Unfortunately for our French-speaking clients, only Career Cruising is bilingual.
If anyone has any French or bilingual resources to share, I’d love to receive them.
Quebec resources are often based on the Quebec labour market, thus not relevant to Ontario.
Thank you.
Jeanne Guibord

Hello Jeanne,

Great comment. If you have some assessments for Francophones, please do share them and we will add them to Pat’s list.

Here is a link to resources for Career Practitioners in Quebec:

Your number one fan,

Great compilation of resources!
May I also suggest the following personality tests from TypologyCentral (they’re also free).


I spent over a half hour to complete an assessment, only to find that I must pay $89.95 to get the results. This is not “free”, and could be considered false advertising. Please include “fee required for results”, to be transparent to all users.

Thank you,


Thanks for letting us know, Deb. We have added a disclaimer. Could you please provide the name of the assessment so that we can remove it from our list.

After a year of development we have just launched an entirely free Career Test called JobQuiz. I think it would make an excellent addition to your list. Again – the full results are entirely free.

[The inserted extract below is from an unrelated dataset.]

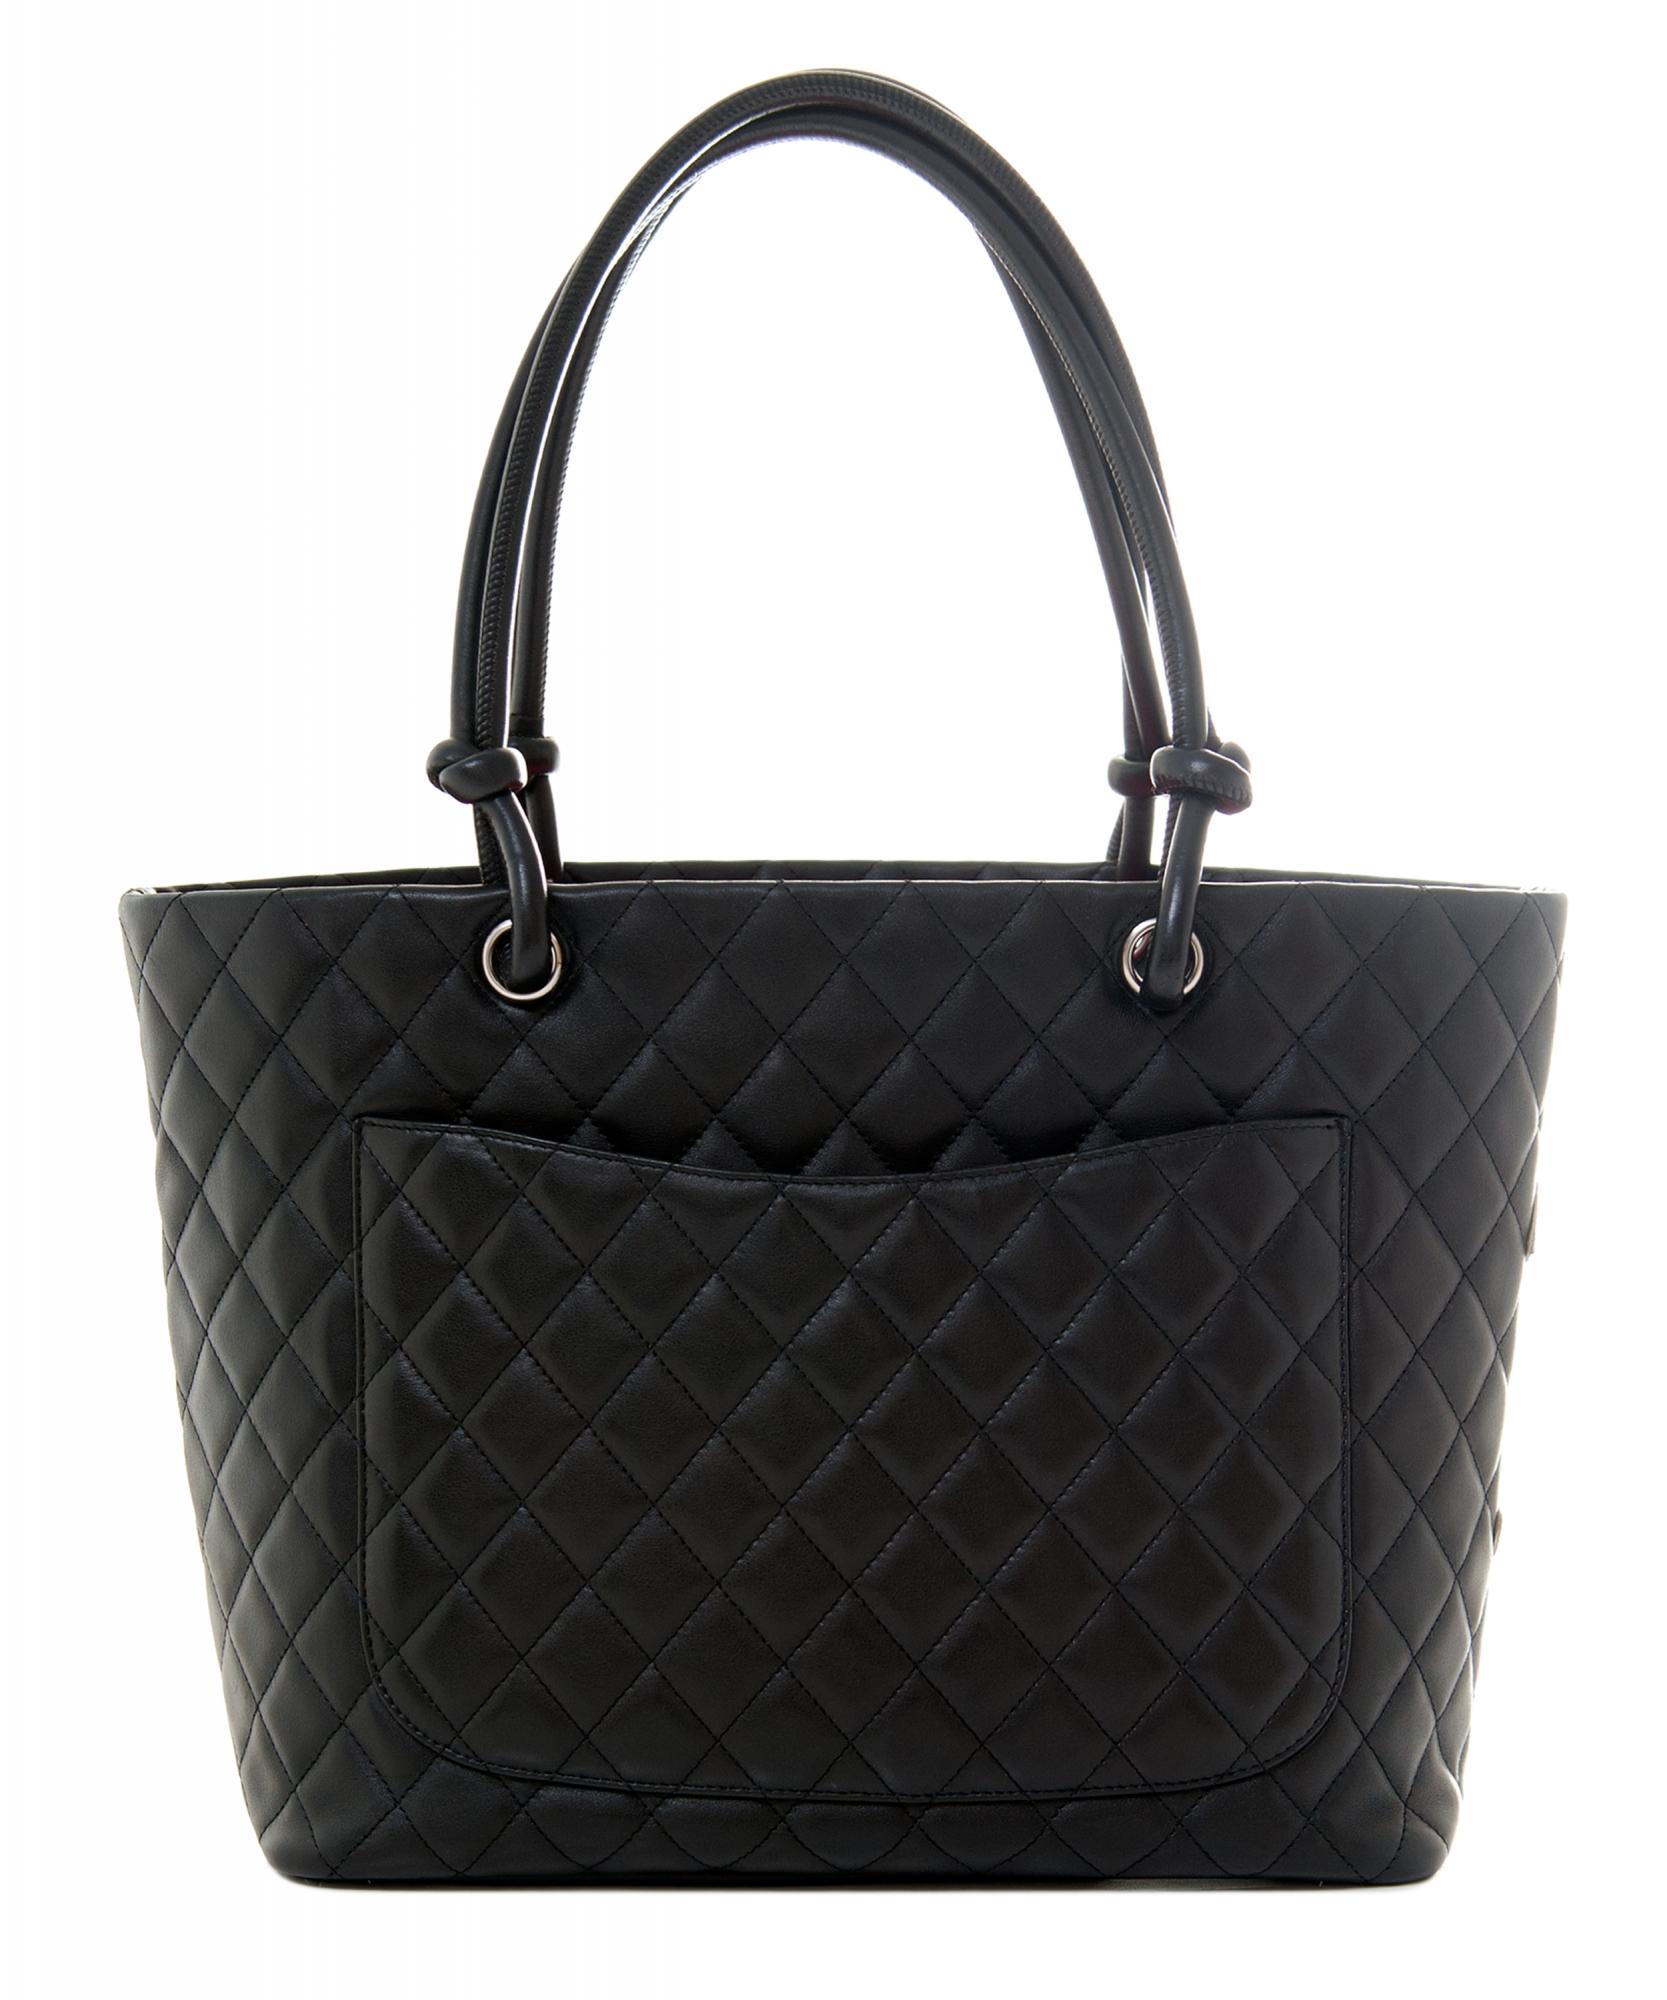 Chanel Black Calfskin Backpack with Gold HW | Chanel black

It’s not entirely free. It says the usual cost is $9.99 to see the full results, but it’s charging $1.00. And the “partial” result was a pie chart that was displayed for a few seconds only. Again, a bait and switch.

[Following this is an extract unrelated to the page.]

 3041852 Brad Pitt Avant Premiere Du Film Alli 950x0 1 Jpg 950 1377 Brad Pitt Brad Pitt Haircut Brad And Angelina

That was also my experience. I’m not against paying for a service but I do resent that they’re not upfront about the process. I have been looking for reviews of the site to help me in making my decision.

Thank you sharing the list,
I have spent a lot of time on “ MAPP” website trying to answer 71 questions
in order to get a list of the best professions matching my skills, for FREE.
Unfortunately, the test result just shows one single line of your results (written in letters) and the rest of the assessment continues in dashes. So you basically don’t get to know Anything at all unless you subscribe and pay. Worse than that the assessment doesn’t list the first 10 Career Areas preferences, all you’ll get is dashed lines again.
Complete waste of time and definitely NOT FREE.

Thank you for your input. Online assessments often change and, as mentioned, these were free at the time of publishing in October, 2014.

As always I have an opinion. No such thing as a one size fits all assessment whether free or not. Neither is there nor should there be a perception that the results are prescriptive. They are a tool and if someone completes at least 2 or 3 it should demonstrate a trend if the quizee is answering honestly and not attempting to skew the results and/or trying to select the BEST answer which of course does not exist. The only answers that matter are the ones that apply to the person completing the assessment. My perception is that most if not all have some theory (aka science) behind them even if it is not stated. Some are very simplistic however it does not mean the results have no meaning. It is my bias after working for years with Youth however I have a preference for anything that is uncomplicated. I am rarely impressed with anything that is written in academic language and probably not understood by workseekers. I am sure it is the wise Roberta Neault who said career development theory is important however it must evolve to remain relevant MAAP is not free

Marketing and sales professionals use the idea of binding to penetrate the minds of their customers. They can also use it to position information in ways that benefit their business. You can use the primacy effect whether you work in the sales department or not.

Hi Pat,
Thank you so much. These resources are very useful. And here’s a quiz for fun

O*NET OnLine has detailed descriptions of the world of work for use by job seekers, workforce development and HR professionals, students, researchers, and more! Browse groups of similar occupations to explore careers. Choose from industry, field of work, science area, and more.

I believe Career Cruising requires a paid subscription.

Hi Briana,

You can check your public library for free access to Career Cruising. Toronto Public Library (TPL) offers this for free – using TPL’s library card information.

How many MBBS seats per year for international students are opened in medical college , Canada?